The Glass Breaker – Part One
Short Story
And so, the cities burned.
A plague of fire, ash, and cinder awash between great monuments and temples to achievement, set to ruin by the will of a Titan of Olympus. Across the face of Earth, the flames licked at doorways and the wind flattened homes, and some would swear they heard the galloping of hooves under the death-rattle of our age.
All paths end, all sidewalks yield to the dirt, and all stories have a final chapter. I can see now that it was inevitable. Whatever folly man had bowed to, it was not the inhumanity of humanity that has left us threadbare and crippled. Entropy states that all things seek destruction, that the natural state of matter is death and disarray. Life, in its many imaginative forms, was a happy accident and anomaly; one that did not take long to correct itself.
Whoever pushed the button, turned the key, and pledged victory at the bitter end is irrelevant. The end was always coming. Or, rather, it had been here the whole time. Our prosperity and abundance was the beginning of a slow burn, one that took the lifetime of nations to properly blaze. Our tinder was too dry, may Prometheus be damned.
But many thousands of words have been and will be spoken in blame. Many millions of impassioned speeches will be given about how A was the one who primed the chair, or how B was the one who pulled the switch, or even how poor C protested, read us our last rites, and prayed for our souls. All of them rest, now, in dead ears tuned to static. Words for the past are leaden in the throat, and fall just as heavily. Words for the future are light, fey, and witless as they float invisibly to the clouds. We can only subsist on words for the present. The Now. The Eyes-and-Ears.
Enough words have been spoken for the dead. Let fly those meant for the living.
The Wretched. The Left-Behind, some call themselves. Damned. Lost. Empty. Garbage. Spare Change. Nobody ever calls us ‘Survivors.’ We are the refuse left to scatter in the wind, the cockroaches that scurried under the fridge as the house burned down. We are only a fraction of what we once were. How small, we won’t know. No one has been brave enough to count. We are the single twitching leg of a spider, crushed by a bootheel. We are dried ejaculate, rimming the lid of a toilet. We are the bleached-white corpse of a sapling, sentinel of a forest fire. We do not survive. We smolder.

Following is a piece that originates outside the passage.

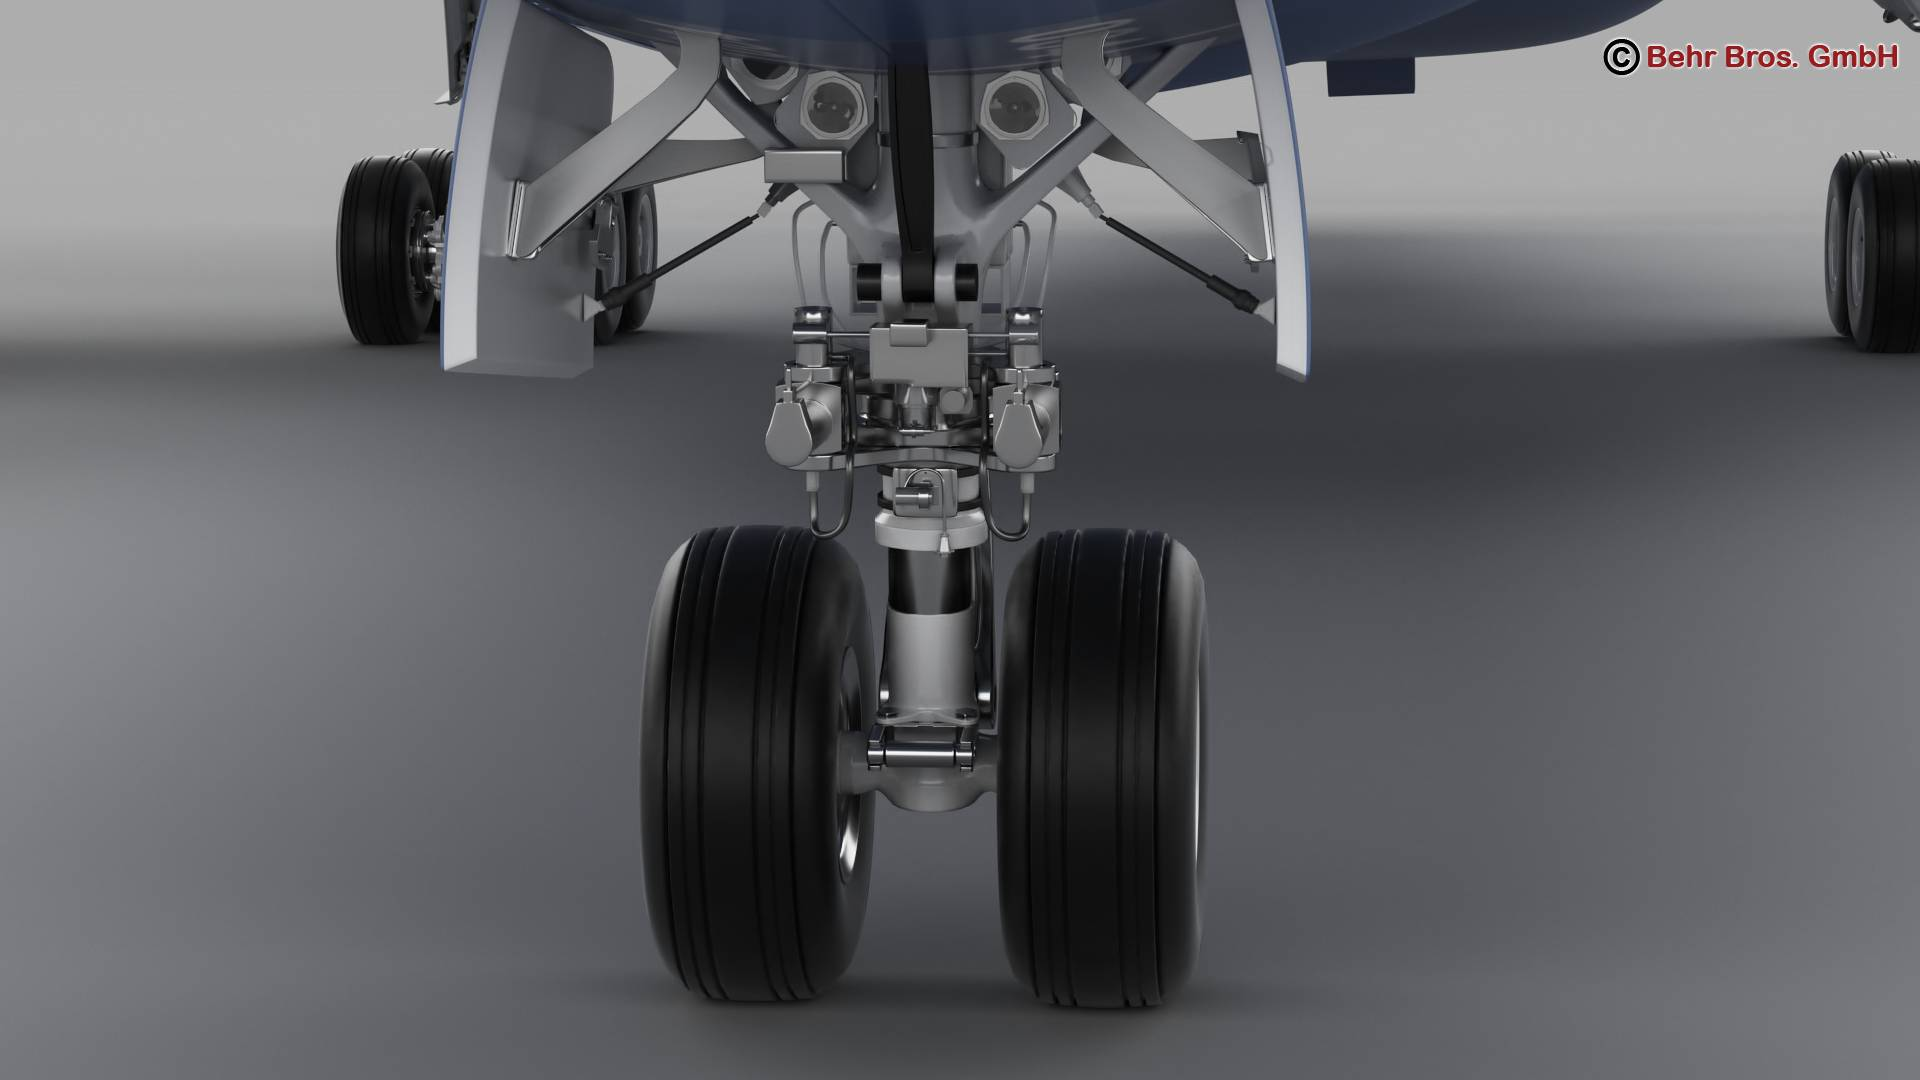 boeing 787-8 3d model 3ds max fbx c4d lwo ma mb obj 251348

Sixth Avenue, Manhattan, New York City. A petrified bench has been largely unmarred by the ashen rain, and it is outside a small delicatessen I used to frequent. I come to this bench at sunrise and sit. The store has been looted long ago aside from a thick safe behind the cash register, one very old and somewhat impractical, but evidently more than enough to withstand at least one Apocalypse. I found the combination hidden underneath on a small note, so far my only moment of luck in two years. Inside the safe was a stack of cash (pocketed as fuel for future fires), a box of fine cigars, and a bottle of aged wine. The cigars don’t interest me, but the wine was more that sufficient to satiate me for a day. I set the empty shell of my drink next to the bench. It has not moved for three months. Neither have I.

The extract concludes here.